3.10 The regressogram

This name was coined by Tukey (1961) to accentuate the relationship of this smoother to the histogram. The regressogram is an average of those response variables of which the corresponding $X$s fall into disjoint bins spanning the $X$-observation space (Tukey; 1947). It can be thought of as approximating $m(x)$ by a step function and is in fact a kernel estimate (with uniform kernel) evaluated at the midpoints of the bins. Convergence in mean squared error has been shown by Collomb (1977) and Lecoutre (1983, 1984). Figure 3.15 shows the motorcycle data set together with a regressogram of bin size 4.

Figure 3.15: A regressogram smooth of the motorcycle data. The raw data are indicated by squares, the regressogram (solid line) has bin-size 4 and bin-edge 0. 6711 ANRmotregress.xpl
\includegraphics[scale=0.7]{ANRmotregress.ps}

Although the regressogram is a special kernel estimate it is by definition always a discontinuous step function which might obstruct the perception of features that are ``below the bin-size." Recall Figures 1.2 and 2.5 Both show the average expenditures for potatoes. The regressogram (Figure 2.5) captures the general unimodal structure but cannot resolve a slight second mode at $x\approx 2$, the double income level. This slight mode was modeled by the kernel smoother in Figure 1.2

A $k-NN$ analogue of the regressogram has also been proposed. Instead of averaging the response variables in bins of fixed width, the statistically equivalent block regressogram is constructed by averaging always over $k$ neighbors. The result is again a step function but now with different lengths of the windows over which averaging is performed. Bosq and Lecoutre (1987) consider consistency and rates of convergence of this estimator.

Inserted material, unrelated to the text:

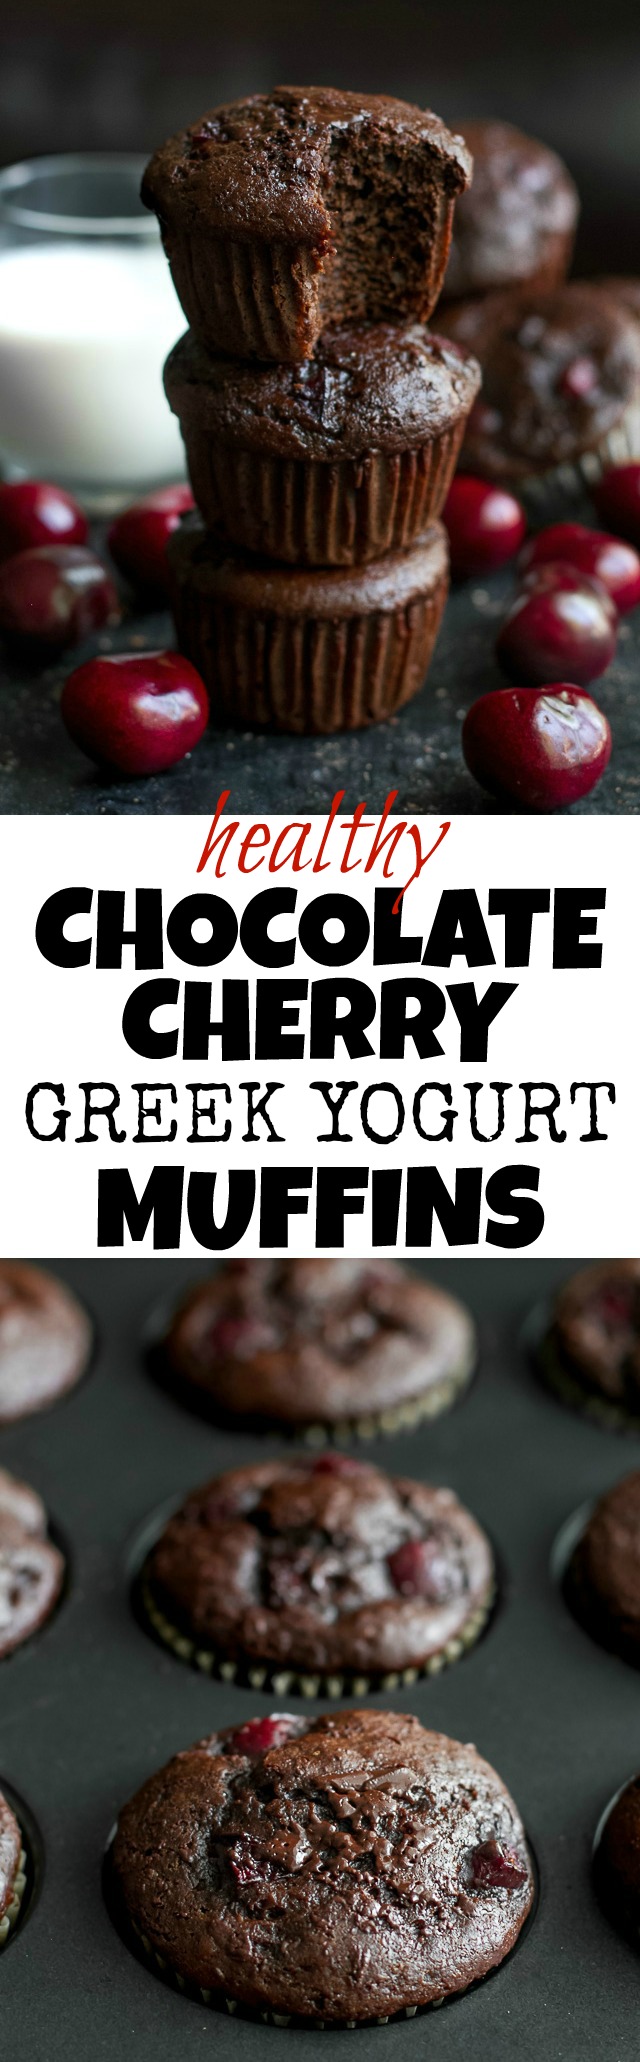 Chocolate Cherry Greek Yogurt Muffins Running With Spoons

3.10.1 Convolution smoothing

The idea of convolution smoothing was proposed by Clark (1977) and has strong relations to kernel smoothing (see Section 3.1). The CS-estimator (CS for convolution-smoothing) is defined as

\begin{displaymath}\hat m_{CS}(x)=\int G_n(t)\ K_h(x-t)\ dt,\end{displaymath}

where $G_n(t)$ is the linear interpolant of the data $\{ (X_i,Y_i) \}_{i=1}^n$ and $K_h$ is a kernel sequence as in Section 3.1. Clark (1980) studied prediction and calibration of carbon-14 curves and presented Monte Carlo simulations in which the smoothing parameter $h$ had been selected by cross-validation, a method to be analyzed in detail in Section 5.1. It is easy to see that the CS-estimator has also the form of a weighted average:

\begin{displaymath}\hat m_{CS}(x)=n^{-1}\ \sum_{i=1}^n W_{ni}^{(CS)}(x)\ Y_i, \eqno{(3.5.4)}\end{displaymath}

where

\begin{displaymath}W_{ni}^{(CS)}(x)=\int v_i(t)\ K_h(x-t)\ dt \end{displaymath}

and $v_i(t)$ is the linear interpolant of the points $\{ (X_j,\delta_{ij} )\}_{j=1}^n $, $\delta_{ij}$ being the Kronecker delta.

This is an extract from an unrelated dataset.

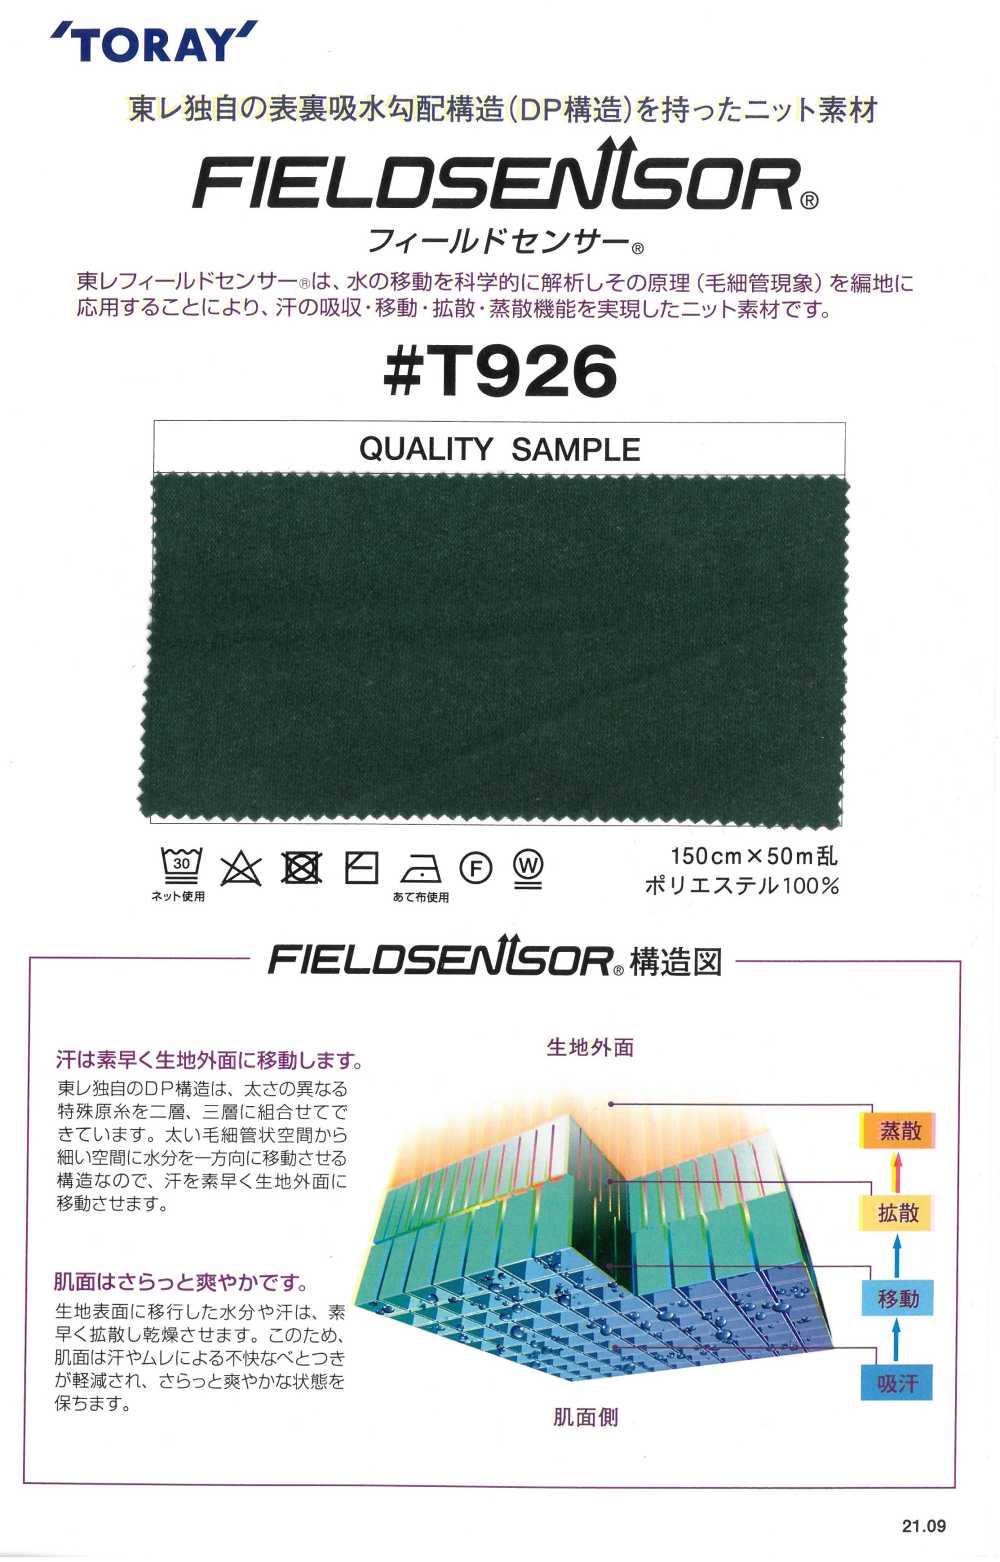 T926 Materiale In Maglia TORAY Field Sensor® Per Abbigliamento Interno (Tipo Fuzzy)[Tessile / Tessuto] Tamurakoma

3.10.2 Delta function sequence estimators

A delta function sequence (DFS) is a sequence of smooth weighting functions $\{ \delta_n (x)\} $, approximating the Dirac $\delta$-function for large $n$. These DFSs were used by Johnston (1979) in forming the following type of regression estimator,

\begin{displaymath}
\hat m_{\delta }(x)=n^{-1}\ \sum_{i=1}^n
\delta_n(x-X_i)\ Y_i\displaystyle / n^{-1}\ \sum_{i=1}^n \delta_n
(x-X_i).
\end{displaymath} (3.10.39)

This estimator, in fact, generalizes the Nadaraya-Watson kernel estimator with the DFS $K_h (u)$. Watson and Leadbetter (1963, 1964) formulated the conditions
  $\textstyle (a)$ $\displaystyle \quad \sup_n\ \int \left\vert \delta_n (u) \right\vert \ du < \infty,$ (3.10.40)
  $\textstyle (b)$ $\displaystyle \quad \int \delta_n (u)\ du = 1,$  
  $\textstyle (c)$ $\displaystyle \quad \sup_{\left\vert u\right\vert \ge \alpha } \left\vert \delta_n(u) \right\vert \to
0 \quad \rm {\ for\ all\ } \alpha > 0$  
  $\textstyle (d)$ $\displaystyle \quad \int\limits_{\left\vert u\right\vert \ge \alpha} \delta_n (u)\ du
\to 0 \quad \rm {\ for\ all}\ \alpha >0.$ (3.10.41)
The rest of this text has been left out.